▶ _The problem_:
Skip the pictures and restate, word for word, the lines from the one containing "Анжелика: Проститутка-индивидуалка во" to the end of the data below.

▶ _Material provided_:
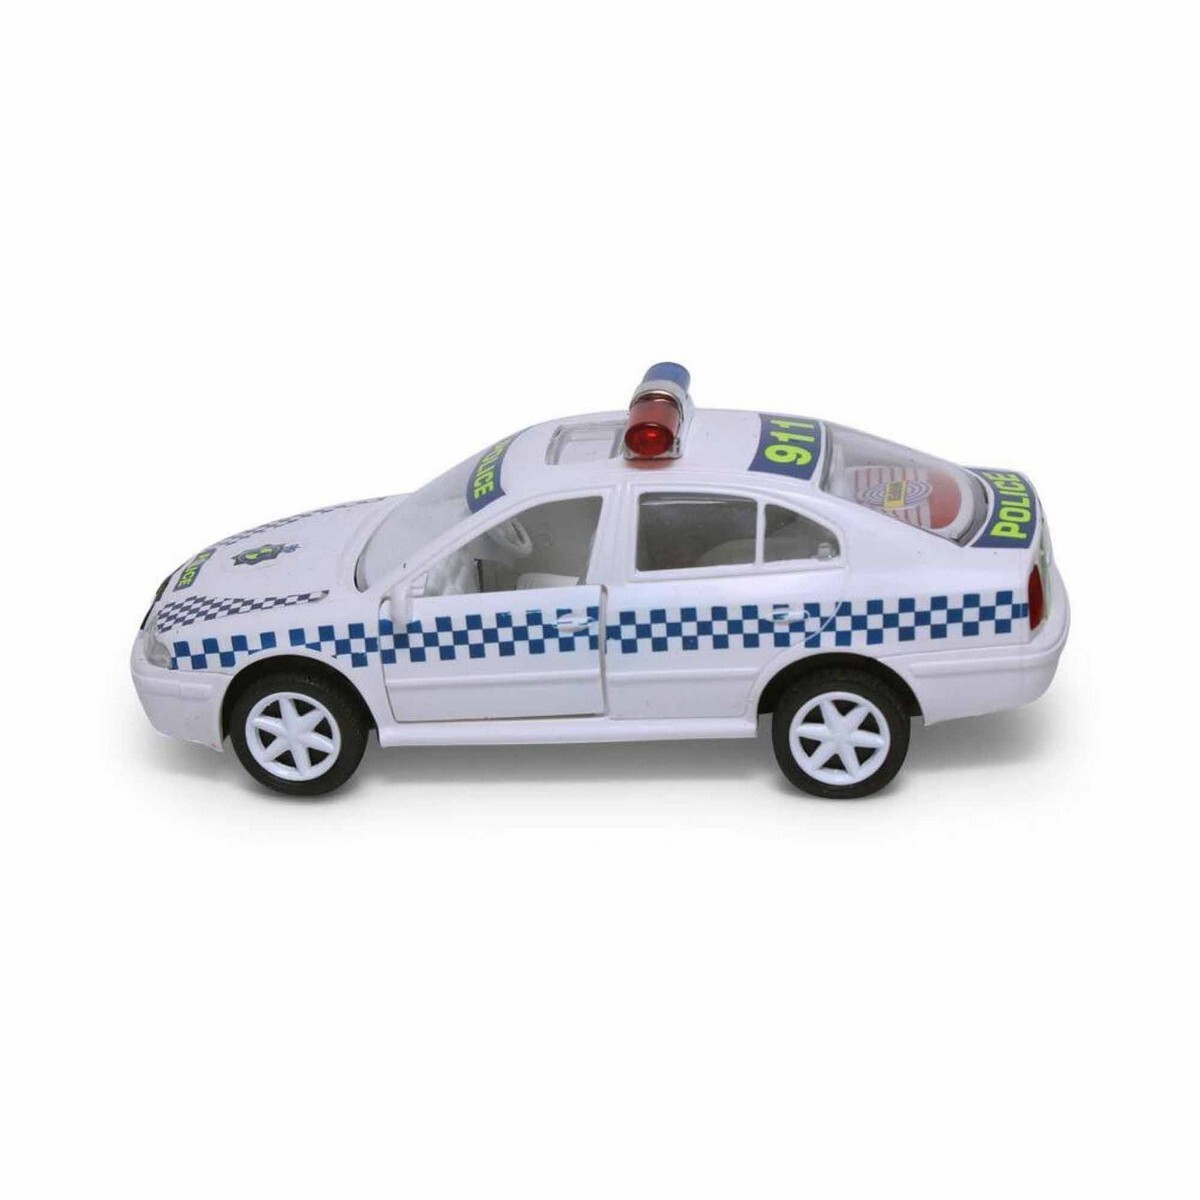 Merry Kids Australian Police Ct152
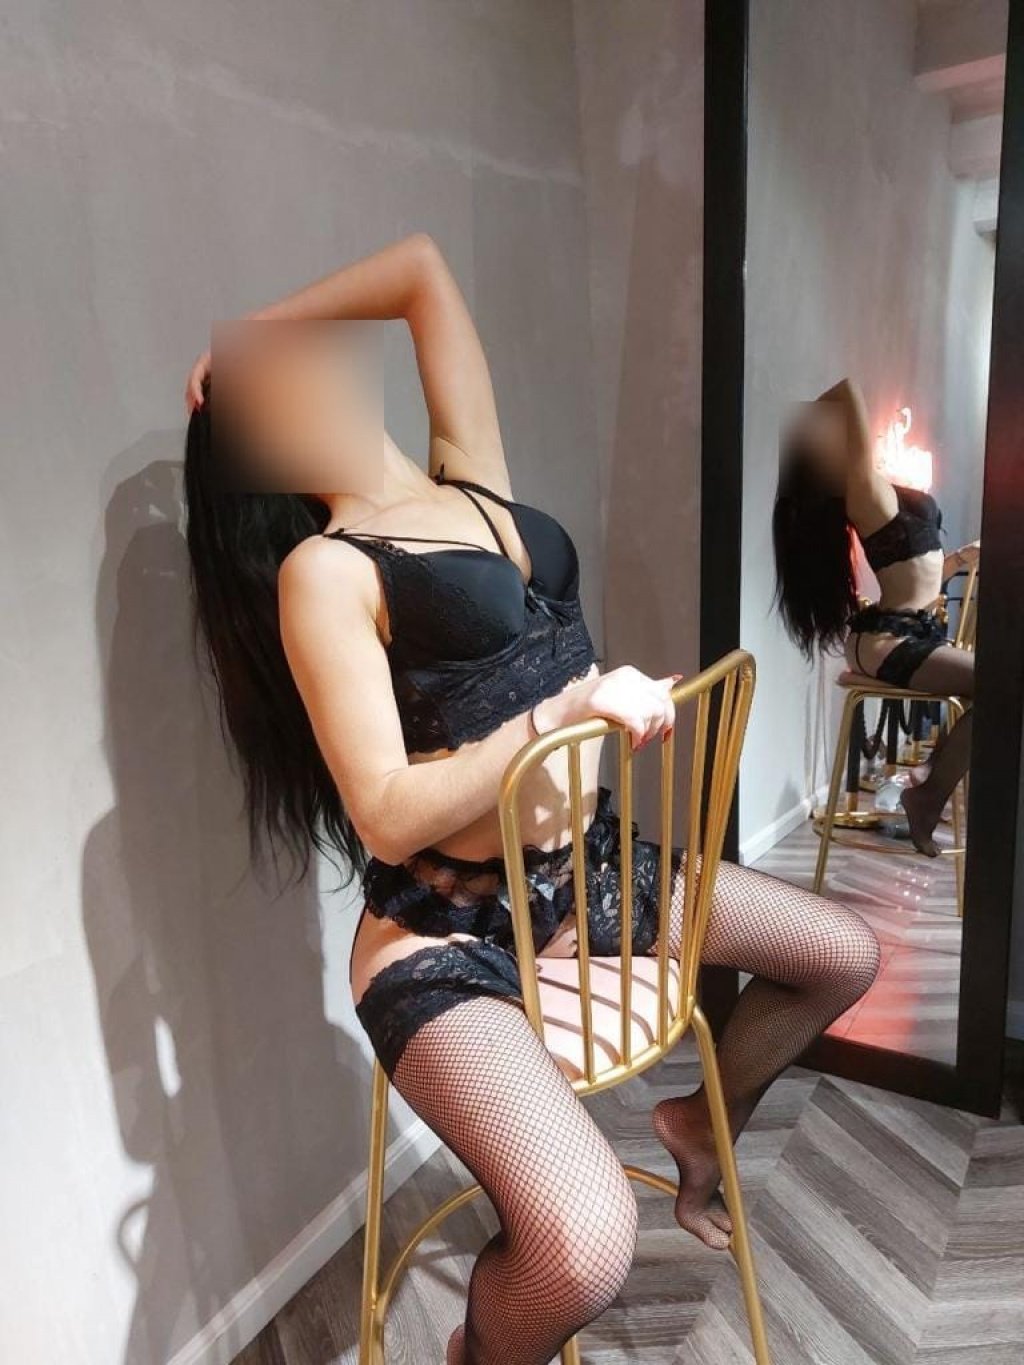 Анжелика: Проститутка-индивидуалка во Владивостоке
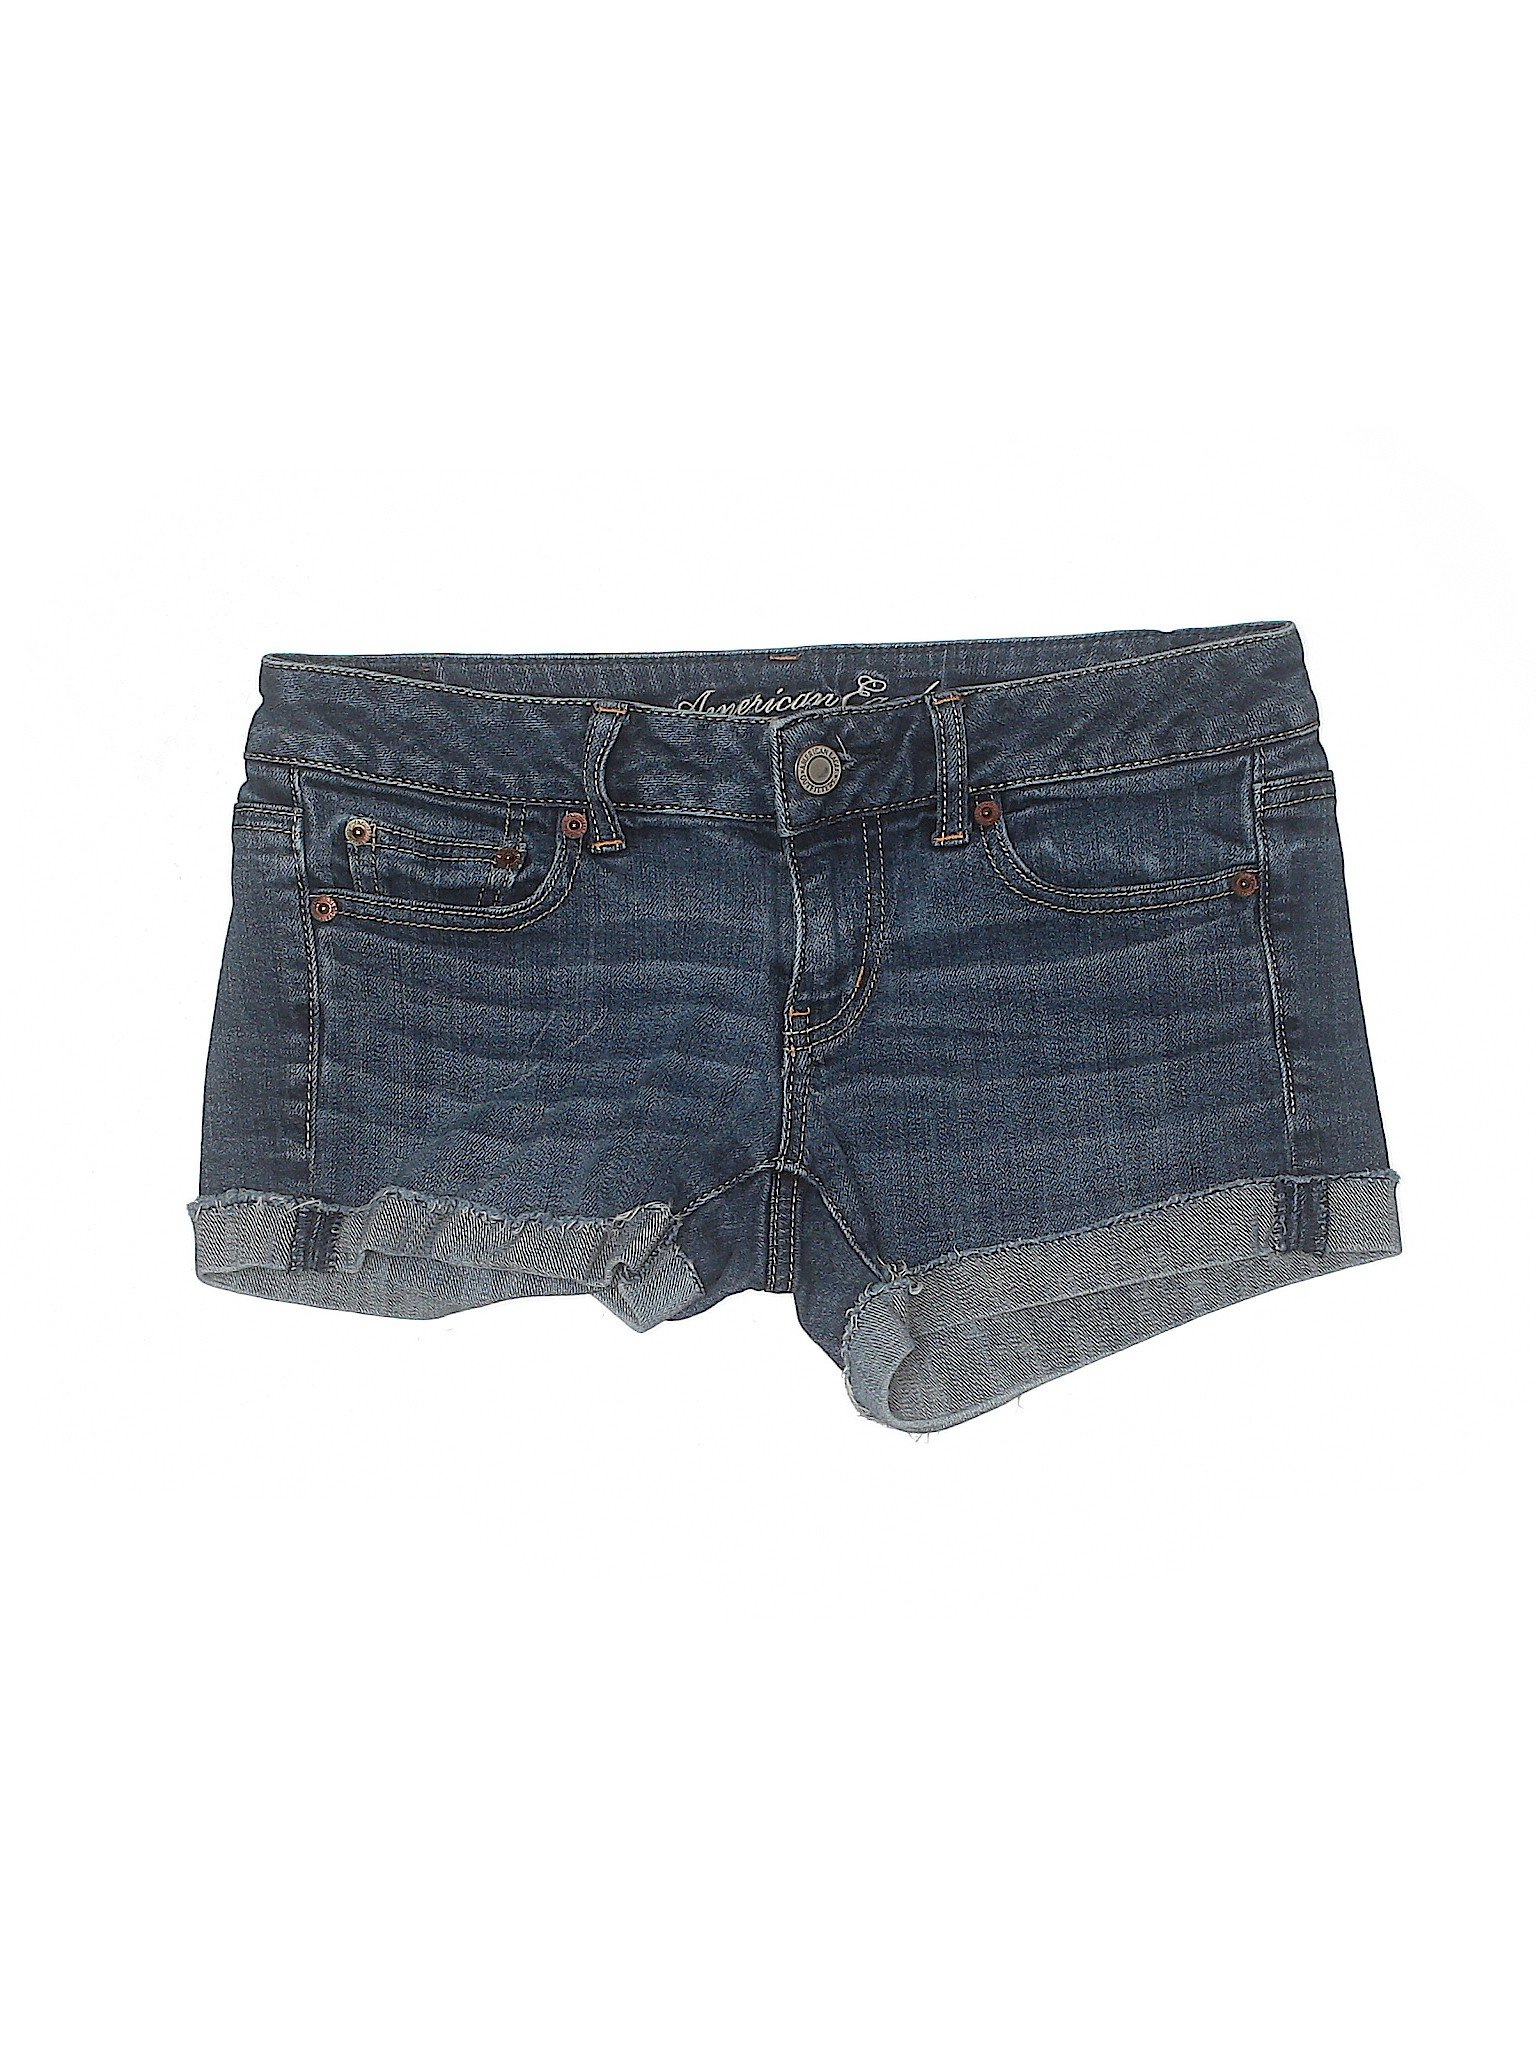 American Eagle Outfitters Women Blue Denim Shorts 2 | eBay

▶ _Task answer_:
 Анжелика: Проститутка-индивидуалка во Владивостоке
 American Eagle Outfitters Women Blue Denim Shorts 2 | eBay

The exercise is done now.